> [Data supplied]:
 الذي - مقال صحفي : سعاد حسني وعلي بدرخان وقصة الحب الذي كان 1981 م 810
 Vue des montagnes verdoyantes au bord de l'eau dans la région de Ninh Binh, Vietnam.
* * *
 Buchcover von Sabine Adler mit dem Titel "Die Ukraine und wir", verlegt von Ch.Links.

> [Instructions to follow]:
The required answer is the exact run of lines above starting at the line with "الذي - مقال" and ending at the line with "Vue des montagnes", with both ends present.

> [Output below]:
 الذي - مقال صحفي : سعاد حسني وعلي بدرخان وقصة الحب الذي كان 1981 م 810
 Vue des montagnes verdoyantes au bord de l'eau dans la région de Ninh Binh, Vietnam.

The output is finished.